Are your feet causing your back pain?

Navigating the concrete jungle that is our world, our feet rarely get the chance to work how they were designed to work. They are trapped in rigid narrow footwear, traverse hard flat surfaces, and mostly walk in a straight line. The design of the human foot truly is amazing, the 26 bones, 42 muscles, 33 joints that make up the foot all work together to support the entire load of the body. Amongst many other important functions they act as shock absorbers protecting other joints and structures, allow for rapid force transference from the bigger more powerful muscles of the legs and hips into the ground allowing us to run and jump,  and contain a huge amount of neurons that relay to the brain information supporting motor control and balance.

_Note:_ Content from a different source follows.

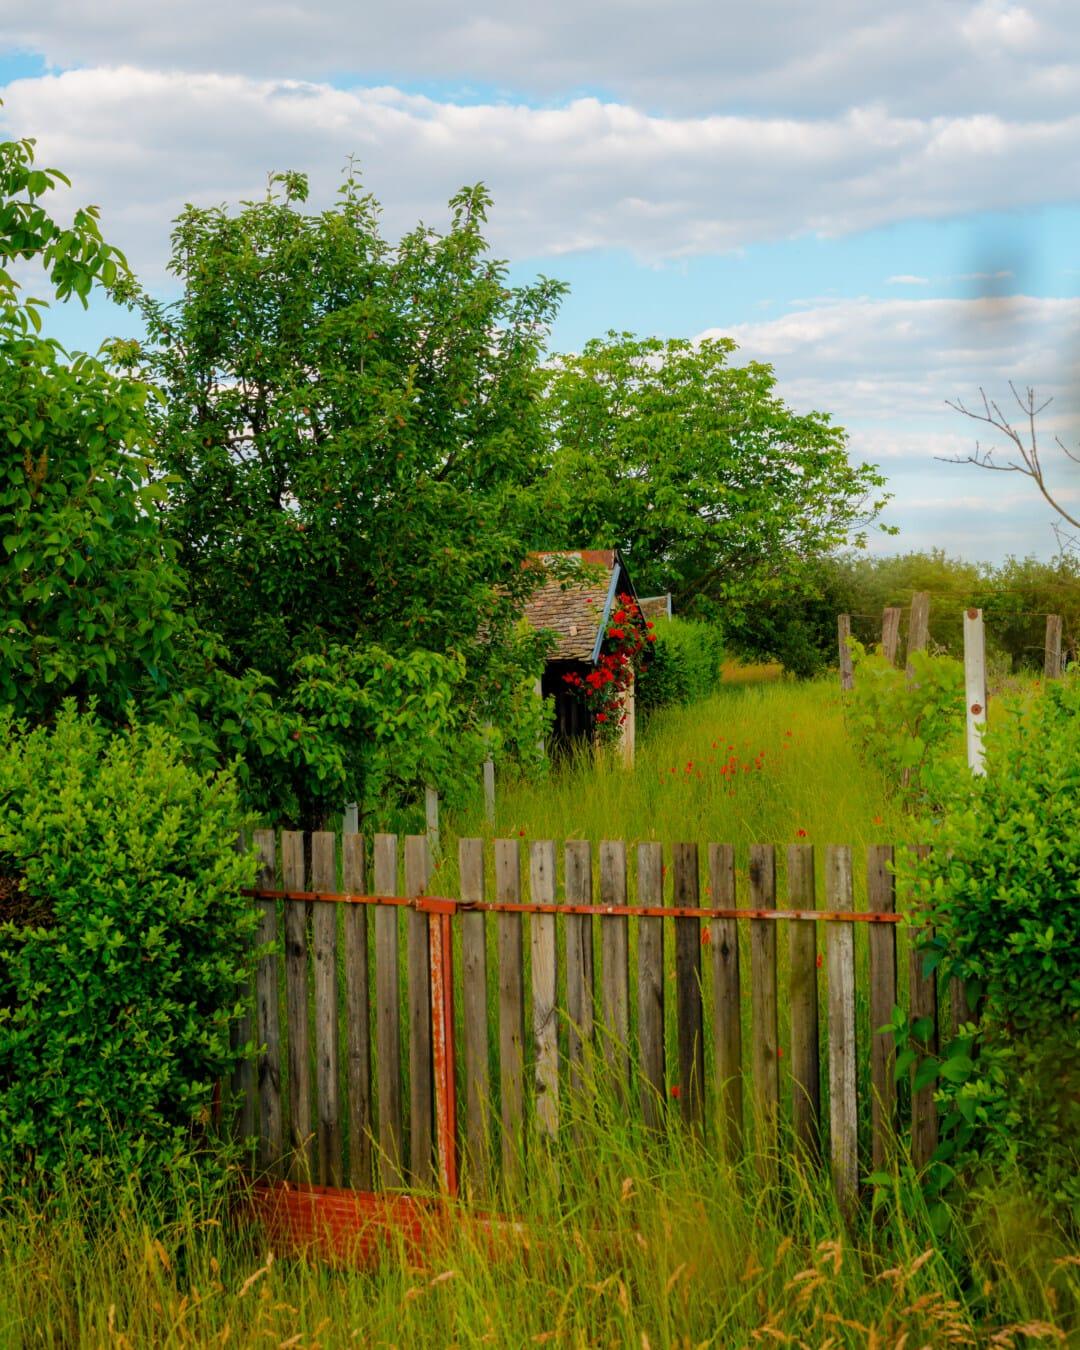 picket fence, barn, farm, village, farmland, farmhouse, orchard, trees, landscape, grass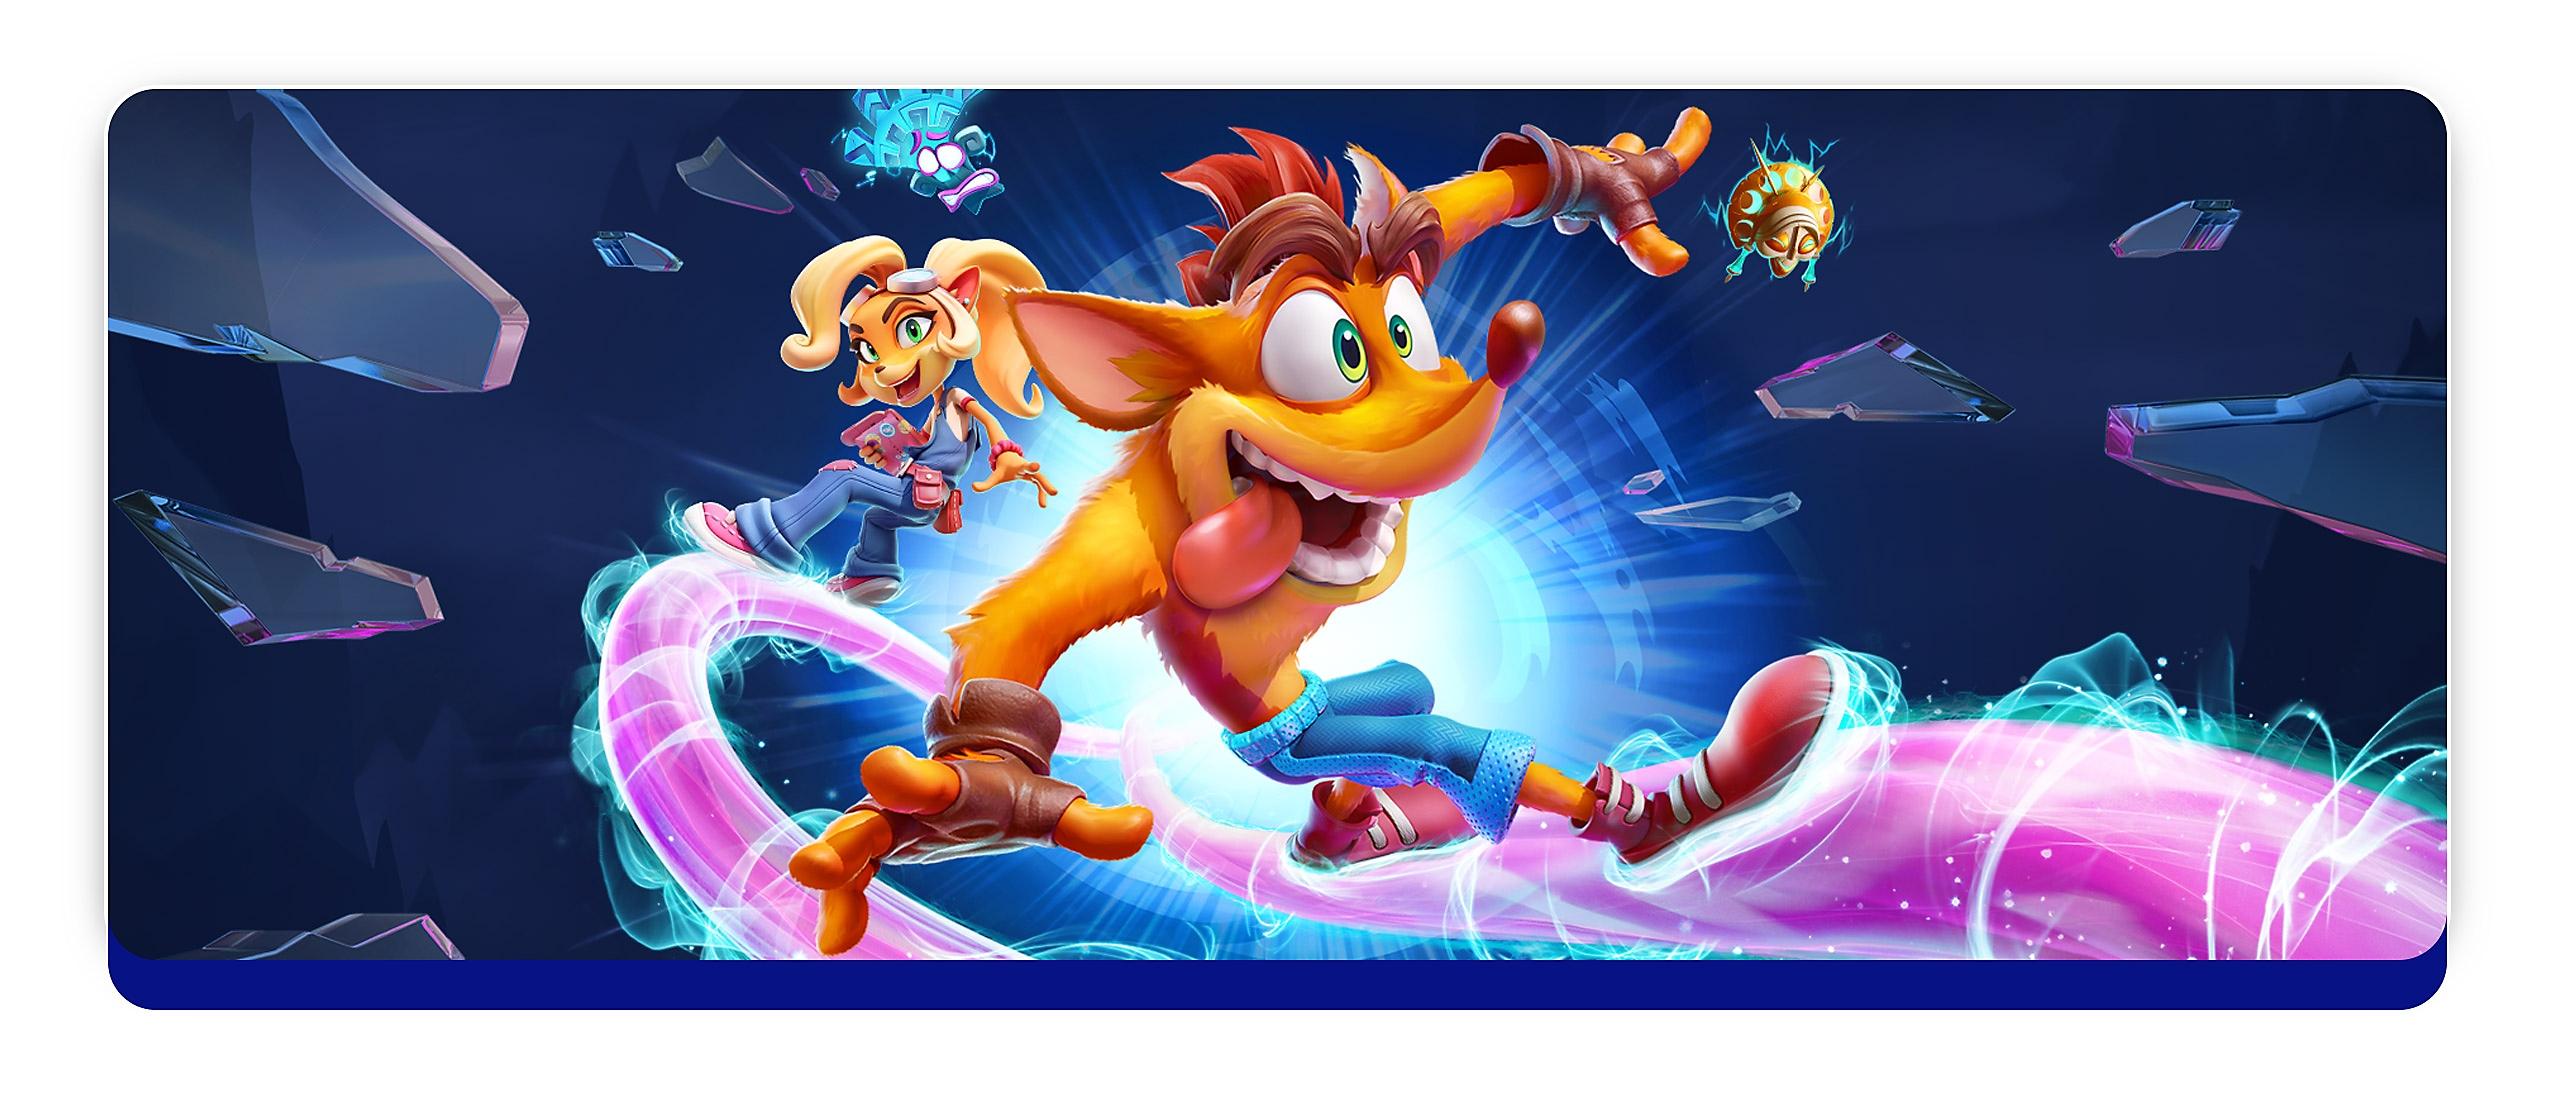 Crash Bandicoot 4: It's about time - Bilder

However, going back to what I mentioned earlier, the feet are often not allowed to be feet! Ideally your feet need to walk barefoot, on soft uneven surfaces to maintain the strength and flexibility they were designed with. Even just barefoot walking will suffice, however due to our environment and societal norms our feet are denied this opportunity. Plantar fasciitis is a common issue associated with the feet, however most don’t realise that poor foot health can lead to a host of musculoskeletal issues, like knee pain and lower back pain. When the arches of the feet are not supported by strong muscles and tendons, or the feet have become immobile, this will effect all the other joints, muscles, and tendons above them. For example, if the arches of your feet cave in (ie flat feet) the chain reaction may go something like this: the ankle everts (rolls in), the knee goes into a valgus position (knee cave in), the hip internally rotates effecting the pelvis, which intern effects the movement of the lower back.

As a Myotherapist I see people with many issues and presentations, and in so many cases correcting the function of the feet has a huge impact on their overall function. In some cases the issue cannot be resolved without addressing the feet. Rather than rely on supportive shoes or orthotics to do the work the feet should be doing, a targeted strengthening and foot health program, designed for each individual, can yielded great results and grant people freedom from band-aid measures and reliance on external supports such as orthotics.